GitHub - evertlammerts/hadoop-acceptance-test: Some scripts to test disk performance

Branches Tags

Name		Name	Last commit message	Last commit date
Latest commit History 1 Commit
README		README
clean.sh		clean.sh
config		config
create_inputfiles.sh		create_inputfiles.sh
read.sh		read.sh
result.sh		result.sh
start_test.sh		start_test.sh
stop_test.sh		stop_test.sh
write.sh		write.sh

Repository files navigation

DD TESTSUITE
============

This package contains a set of scripts which can be used to perform dd-based
I/O tests. These tests will conduct simultaneous read and write requests in a
ratio of 1:1 using 128MiB files by default.
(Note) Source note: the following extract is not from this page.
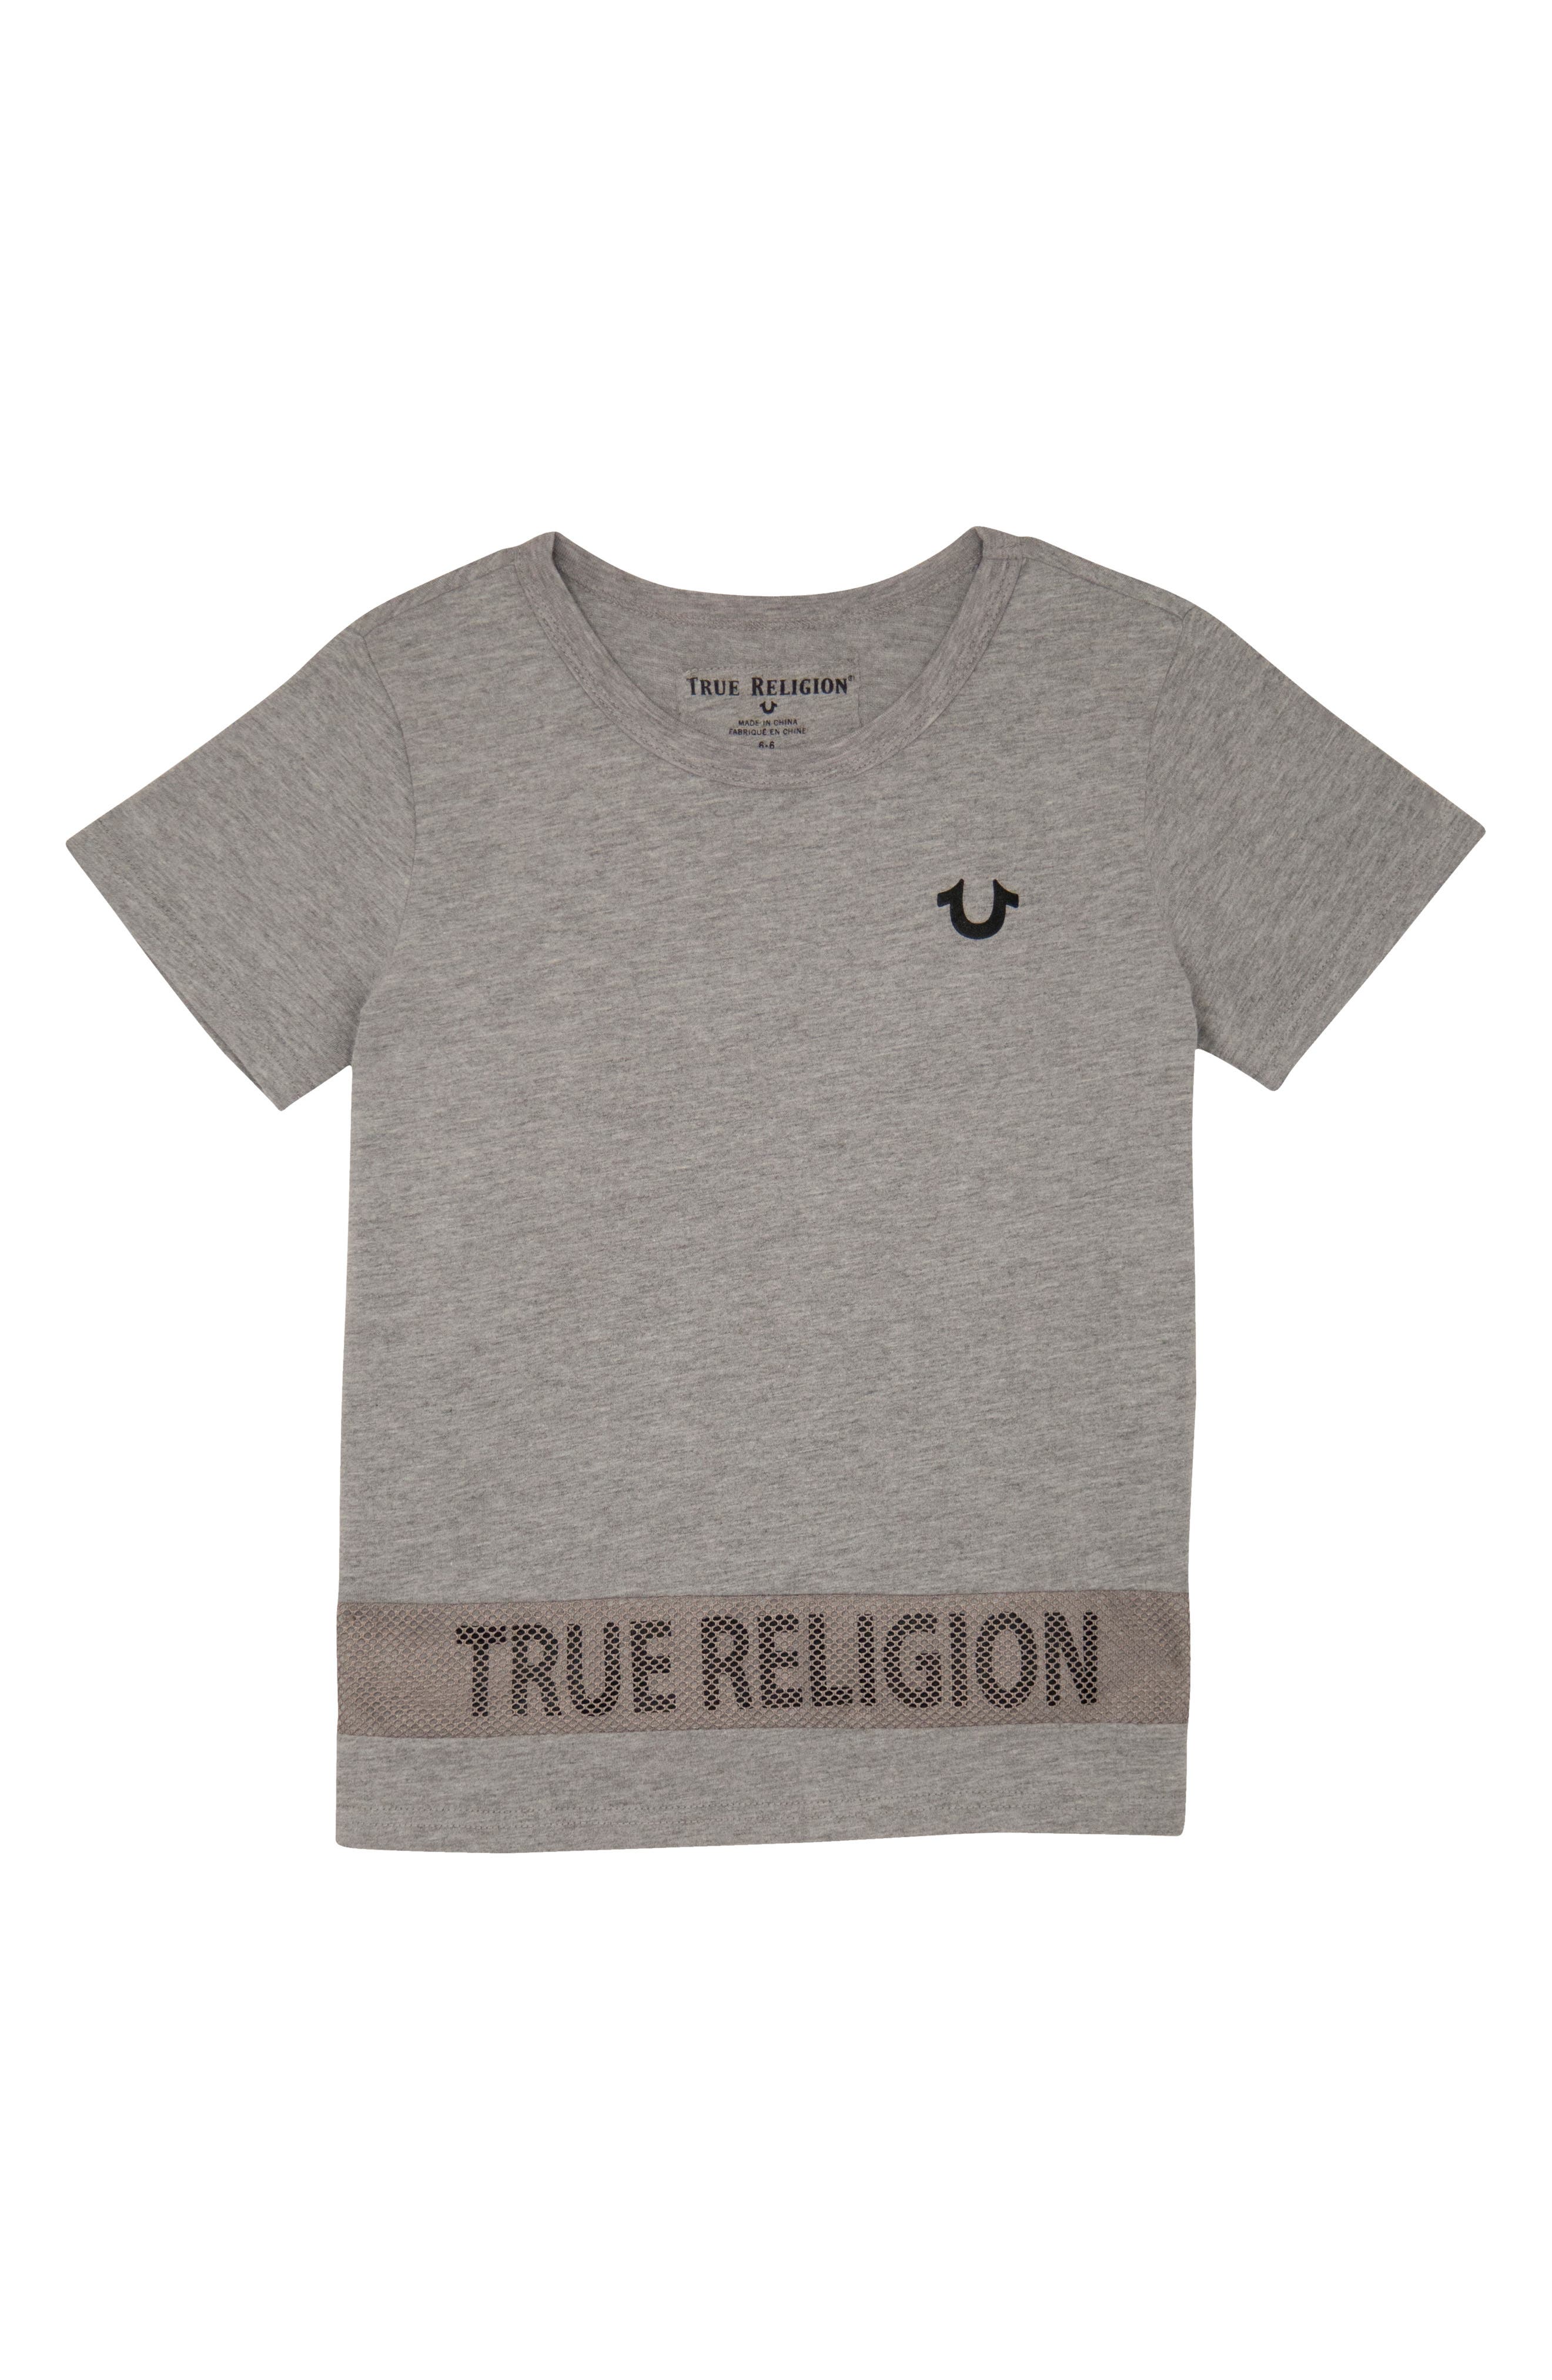 religion brand t shirts

First, in order to perform read tests an initial set of input files needs to be
set up. The create_inputfiles.sh script does this. The usage is as follows:

create_inputfiles.sh <number of files>

The script doing the reads will pick one of these files at random.
The idea is that initially a fairly large number of files are created that will
be used for the read test. During the test, read processes will pick one of these
files at random. We have selected a file size of 128MiB since this is a typical size
for a virtual block in Hadoop. The total size of all of these files combined should
be equal to or greater than 25 times the total amount of memory on the host where
the test is run which gives an indication on how many files should be created. For
example, using 128MiB files and having 64GiB of memory in the machine you would need
12800 files. This is to reduce the benefit of the filesystem buffer cache. The block
size used by dd is chosen to be 4KiB. This is equal to the default EXT3 block size.
Both the block size as the file size are configurable in the "config" file.
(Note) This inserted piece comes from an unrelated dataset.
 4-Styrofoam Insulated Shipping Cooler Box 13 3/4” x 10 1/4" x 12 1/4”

During the write test a faily large number of files are written. At random a number
between 1 and MAX_FILES is chosen and the file#number will be written. This is also
to reduce file system buffer cache effects. The number of file MAX_FILES is
configurable through the variable in the "config" file. The same holds for the file
size.

When the test starts, reads and writes will be started simultaneously in the ratio of 1:1.
This is done by running the "start_test.sh" script. The amount of reads and writes is
configurable with a commandline flag of the "start_test.sh" script. These read and write
processes are running indefinitely and should eventually be stopped using the
"stop_test.sh" script. However, the processes should be run over a sufficiently long
period of time to get a accurate measurement. This is especially needed for writes which
initially show a very high rate due to filesystem buffer cache effects. It is usually
sufficient to let the processes continue for, say, a few hundred iterations of writes and
reads. The "result.sh" script parses the output files and displays the throughput
performance. This script can also be run during the test. When the variations in throughput
become small the test can be stopped.